Voies collaboratives
Plusieurs chantiers de collaboration entre industriels et distributeurs sont à développer, car le bilan carbone de la distribution est étroitement lié à celui de ses fournisseurs industriels. Selon Carine Kraus, directrice exécutive de l’engagement de Carrefour, « 98 % des émissions du groupe Carrefour sont liées au scope 3 », avec une majorité d’émissions d’origine alimentaire (viandes, lait, céréales). Pour les industriels, le scope 3 représente à 55 à 99 % des émissions de carbone, avec un poids prédominant des matières premières (pour l’alimentaire), des emballages, du transport, et de l’usage des produits par les consommateurs. Les distributeurs doivent travailler avec les industriels, comme ceux-ci accompagnent font avec leurs fournisseurs en amont. Une collaboration étroite entre tous les maillons de la chaîne permettra de trouver et de financer les meilleures solutions.
En termes de transport des produits, le backhauling, qui consiste à utiliser les camions au lieu de les laisser circuler à vide lors de leur trajet retour (de livraison), permet de réduire le nombre de kilomètres parcourus. Mais il nécessite une collaboration étroite entre industriels et distributeurs, afin de coordonner les flux. L’utilisation du rail devrait être étendue, or seule la coopération permettrait de partager les contraintes (délais de livraison potentiellement plus longs), les opportunités (disponibilité en cas de pénurie de transport routier) et les surcoûts éventuels.
Pour les offres « bas carbone », comme les produits à base de protéines végétales (alternatives à la viande et aux produits laitiers), ceux présentés en vrac, dans des recharges ou dans des emballages réemployables consignés, le point de vente est un formidable média. Pour sensibiliser les consommateurs à la réduction de l’empreinte environnementale, industriels et distributeurs peuvent rendre ces offres plus attrayantes et plus visibles. De même, un moindre recours aux offres promotionnelles par lots, qui génèrent des suremballages issus des énergies fossiles, réduirait les émissions de carbone.

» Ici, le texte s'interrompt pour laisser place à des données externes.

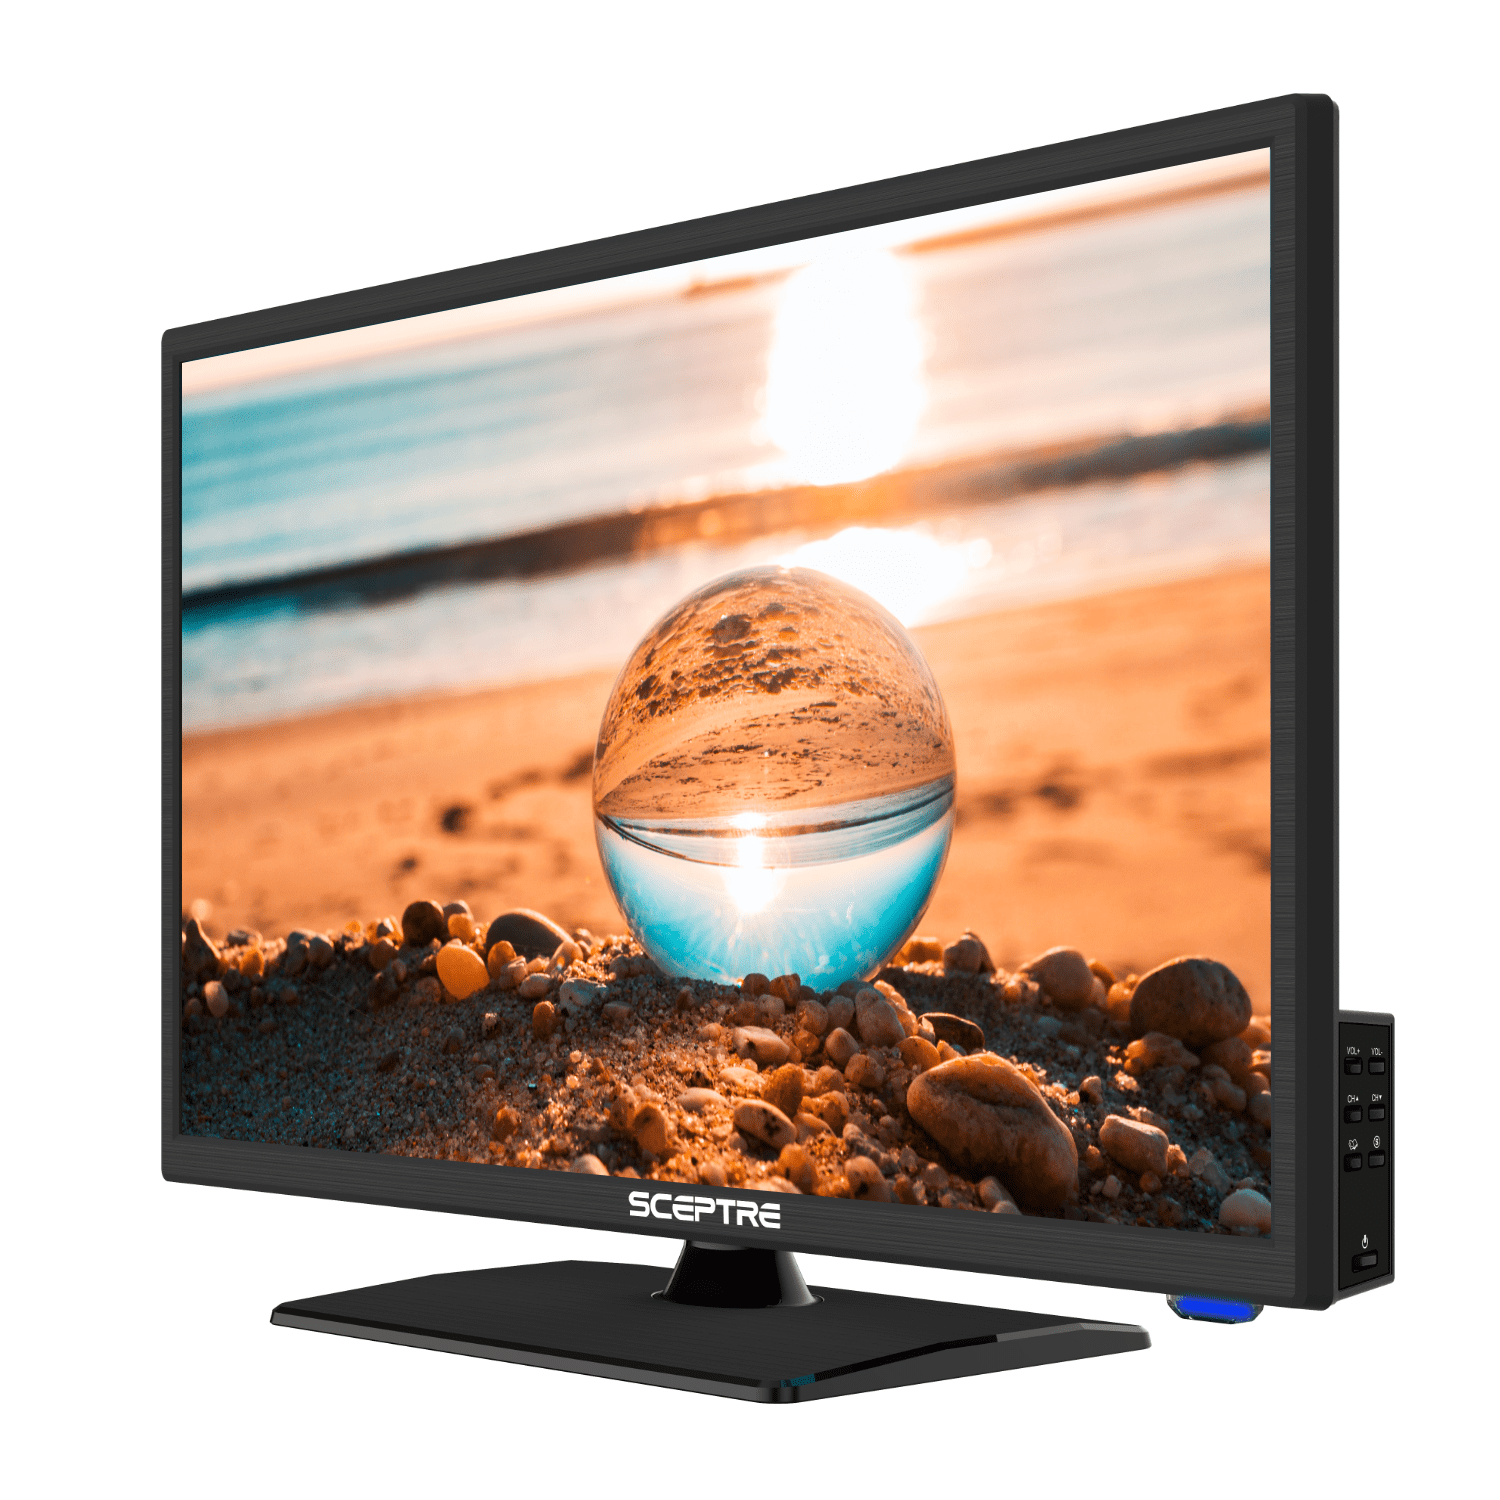 Sceptre 1080P FHD LED TV - Walmart.com
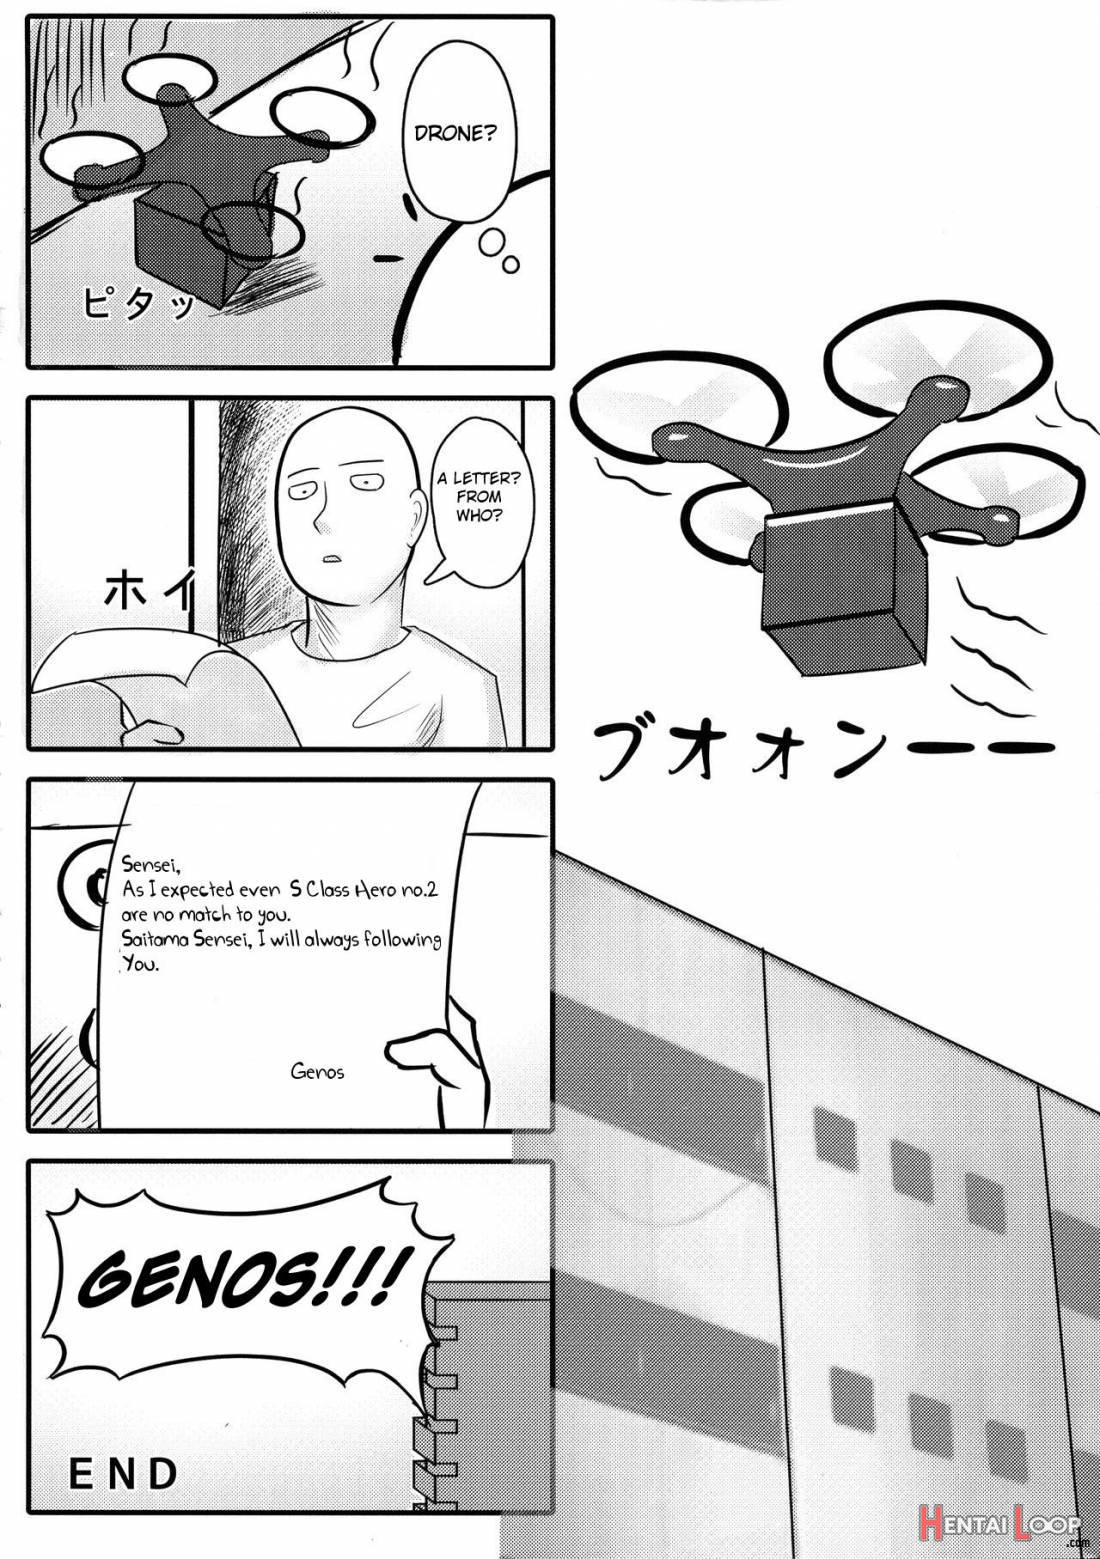 ONE PORNCH MAN Tatsumaki Shimai page 24

Durant l’été 2023, la chaîne de supermarchés allemande Penny a testé une hausse de prix temporaire sur plusieurs produits alimentaires, en incluant les « vrais coûts environnementaux » liés à leur production (effets sur le sol, le climat, l’eau et la santé), afin de sensibiliser les consommateurs. Pour certains aliments, les prix étaient presque multipliés par deux, mais pour un aliment végétalien, le surcoût n’était que de 14 centimes. L’enseigne souhaitait poser les bases d’une discussion plus large sur l’alimentation : « Nous espérons une impulsion pour qu’on considère ce coût d’une façon ou d’une autre, même s’il n’est pas question de répercuter les coûts réels sur le consommateur, pour des raisons de justice sociale. »
Dans tous les cas, la décarbonation s’inscrit dans une stratégie globale de réduction de l’empreinte environnementale, qui inclut d’autres facteurs comme la préservation des ressources (eau, sols, biodiversité…). Lors de la phase d’expérimentation de la méthode PEF [6], la Commission européenne a conclu que l’empreinte carbone ne représente qu’un tiers de l’impact environnemental global d’un produit. Par conséquent, se focaliser sur l’empreinte carbone seule est loin d’être suffisant. En outre, il faut mesurer les réductions non seulement en intensité (par kg de produits vendus), mais aussi en volume absolu, afin de prendre en compte la croissance de la production.
Face au dilemme entre réduction des émissions de carbone et croissance économique mesurée en termes financiers (qui ne tiennent généralement pas compte des externalités), certains appellent à repenser les indicateurs de performance des entreprises, en y incorporant des critères environnementaux et sociaux. L’objectif est d’une légitimité devenue incontestable : s’appuyer sur des indicateurs qui prennent en compte l’ensemble des dimensions du développement durable, et plus la seule croissance économique.